Надеюсь. А то кто знает, на какие еще козни способна обиженная и злая женщина. Я то уж точно не хочу этого узнавать, мне своих проблем хватает с головой.
Мы вернулись на праздник как раз к десерту. Диканова я не наблюдала. Отца и Энтони тоже. Кира снова была предоставлена сама себе.
— Видишь, — заметил Измайлов, обнимая меня сзади, — наше отсутствие абсолютно никого не напрягает. — Нужно было остаться.
— Ага, — рассеянно ответила я, ища среди гостей глазами Энтони и маму.
Что если Энтони заподозрил неладное? Приревновал? Почему из троих здесь нет? Зачем вообще было устраивать эту показуху? Для кого? Все! Надоело! Хватит.
— Ром, давай уйдем. Поедем ко мне.
— Ты же не хотела.
— А теперь хочу.
Все случилось внезапно. Раздался выстрел, заставивший всех замереть, после чего из дома выскочила мама. От ее окровавленного платья у меня чуть сердце не остановилось. Я знала — у отца в кабинете хранился пистолет. Имелось и разрешение на него. Только он всегда был спрятан в надежном месте. Папа приобрел его, как он выразился на всякий пожарный и редко доставал, не было необходимости. Что такое могло заставить его воспользоваться им?

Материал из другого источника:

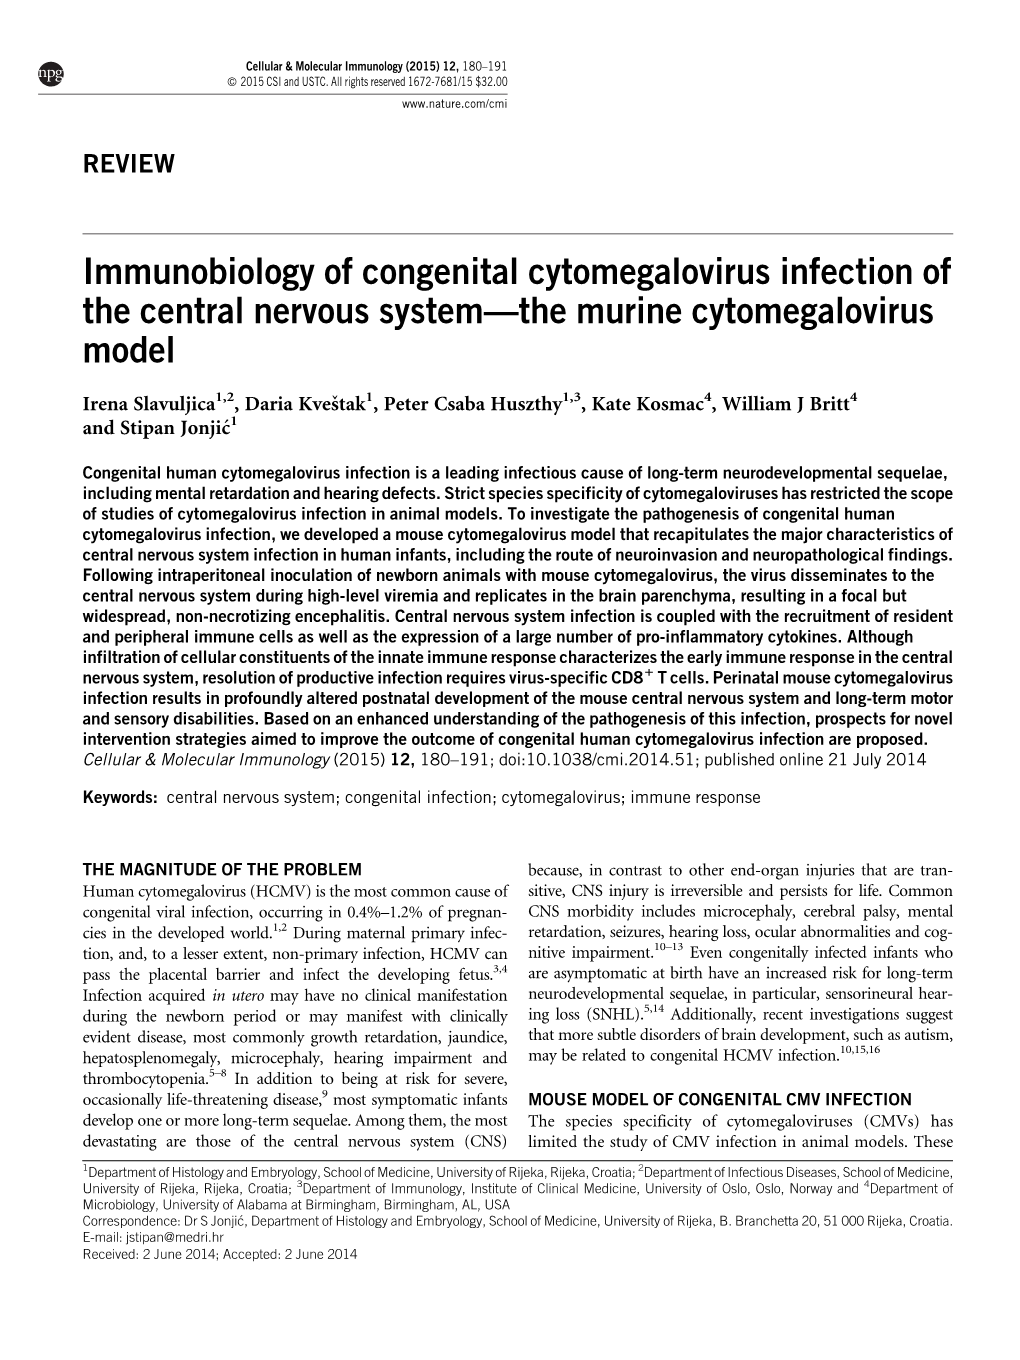 Immunobiology of Congenital Cytomegalovirus Infection of the Central Nervous System—The Murine Cytomegalovirus Model

— Он убил его!!! — заорала мама, хватаясь за голову. — Он убил Олега!
Поднялась паника, а Кира и вовсе схватилась за живот и упала прямо на землю. Я не знаю, как мне вообще удалось пошевелиться, сбросить страшное оцепенение. Дышать и то стало трудно. В ушах стоял такой шум, что я закрыла их ладонями, всего на секунду, после чего бросилась к Кире.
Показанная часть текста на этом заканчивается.